A single instillation of low-concentration atropine does not appear to produce measurable short-term changes in axial length, retinal thickness, or choroidal thickness in young adults, according to a randomized, double-masked study published in Eye and Vision. However, the study did identify a transient reduction in superficial retinal perfusion one hour after dosing, suggesting that atropine may have acute vascular effects even when structural parameters remain unchanged.

Low-dose atropine is now widely used in myopia management, particularly in children, but its mechanism of action remains incompletely understood. Although atropine was originally used for its cycloplegic effect, experimental evidence suggests that its anti-myopia activity may involve nonaccommodative pathways, including effects on retinal signalling, scleral remodeling, and possibly choroidal physiology.

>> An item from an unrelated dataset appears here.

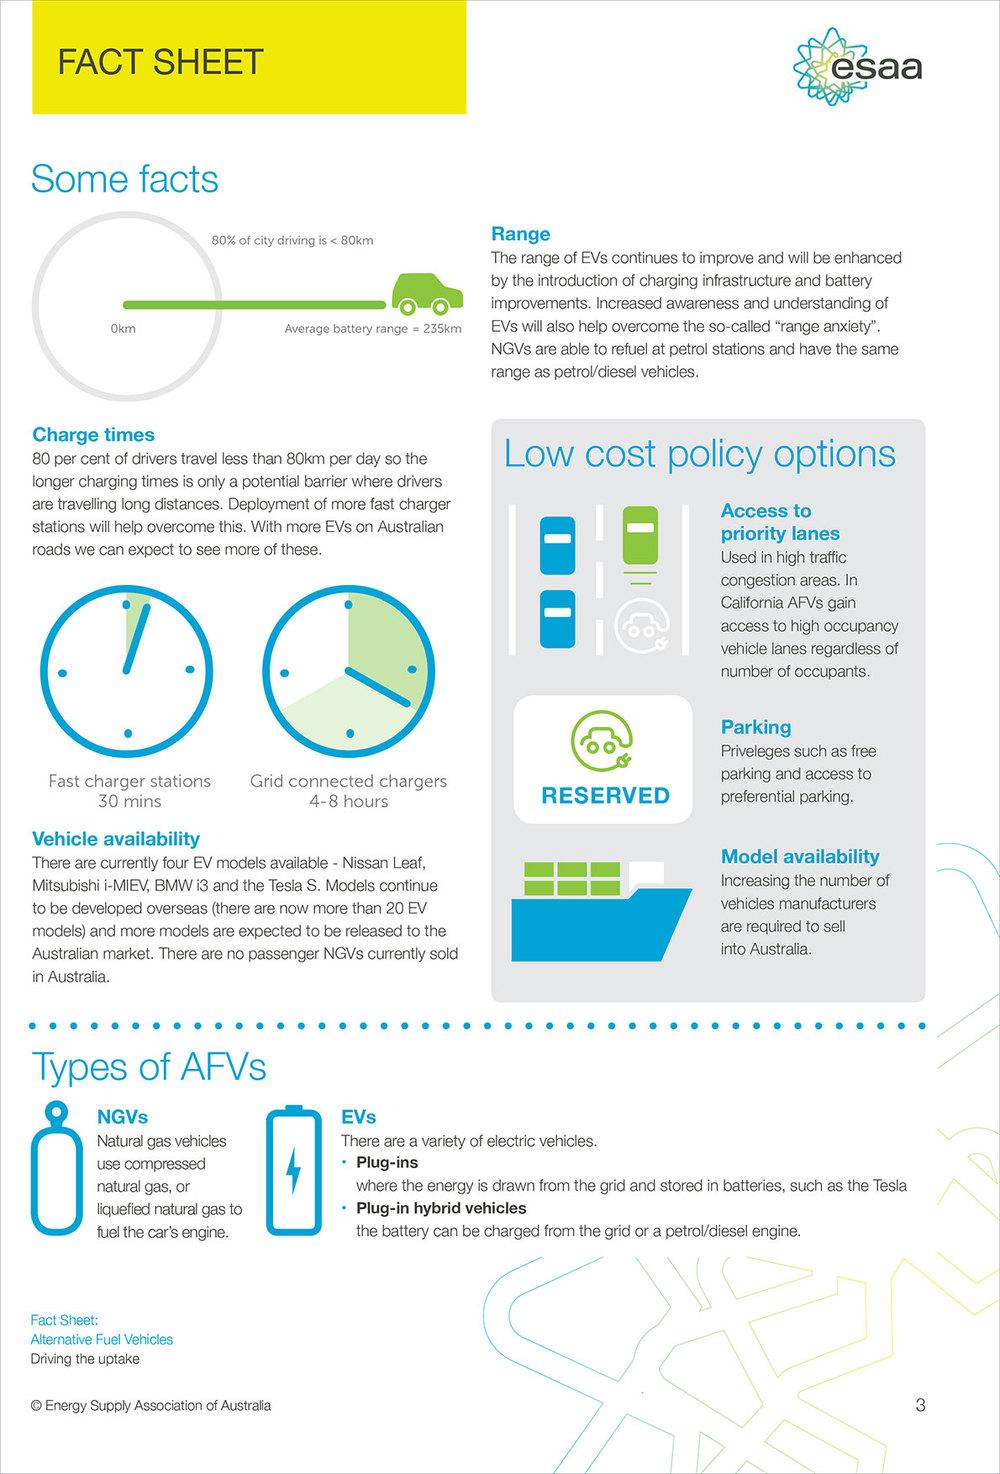 ESAA-infographic-factsheet

To explore these acute responses, Barsha Lal and Lisa A. Ostrin, from the University of Houston College of Optometry, Texas, recruited 21 healthy adults aged 18–35 years. One participant withdrew after prolonged pupil dilation following 0.1% atropine, leaving 20 participants for analysis (10 males and 10 females). The final cohort had a mean age of 25.5 years and mean spherical equivalent refraction of −1.91 D.

Each participant attended five separate study sessions, receiving placebo, 0.01%, 0.025%, 0.05%, or 0.1% atropine in randomized order in the right eye. Sessions were spaced one to three weeks apart. At each visit, investigators measured axial length, retinal and choroidal thickness using spectral-domain OCT, and retinal and choroidal microvasculature using OCT angiography at baseline, one hour, and 24 hours after instillation.

The imaging protocol of the study included fovea-centered radial OCT scans to assess retinal and choroidal thickness in the central 1.0 mm and 1.0–3.0 mm annulus. OCTA was used to evaluate the superficial vascular complex, deep vascular complex, choriocapillaris, and foveal avascular zone.

Across all tested concentrations, atropine did not significantly alter axial length, retinal thickness, or choroidal thickness at either one hour or 24 hours. No concentration-dependent effect was detected. These findings contrast with some previous reports of short-term choroidal thickening after atropine, underlining the inconsistency of acute choroidal responses in the literature.

The only significant change was observed in OCTA-derived perfusion density. In the 1.0–2.5mm annulus, superficial vascular complex perfusion density decreased over time after atropine instillation, with post hoc analysis showing a significant reduction at one hour but not at 24 hours. Deep vascular complex perfusion, choriocapillaris perfusion, and foveal avascular zone area were unchanged.

The findings suggest that single-dose low-concentration atropine has little detectable acute effect on posterior segment structure in young adults, despite known dose-dependent effects on pupil size and accommodation reported previously by the same group. The transient OCTA signal may point to short-term vascular redistribution, but its clinical relevance remains uncertain.

Additionally, the study authors caution that the study assessed only single-dose effects, included a relatively small adult cohort, and did not examine children, the primary population for myopia control. Longer-term pediatric studies will be needed to determine whether repeated atropine exposure produces cumulative retinal or choroidal effects relevant to treatment response.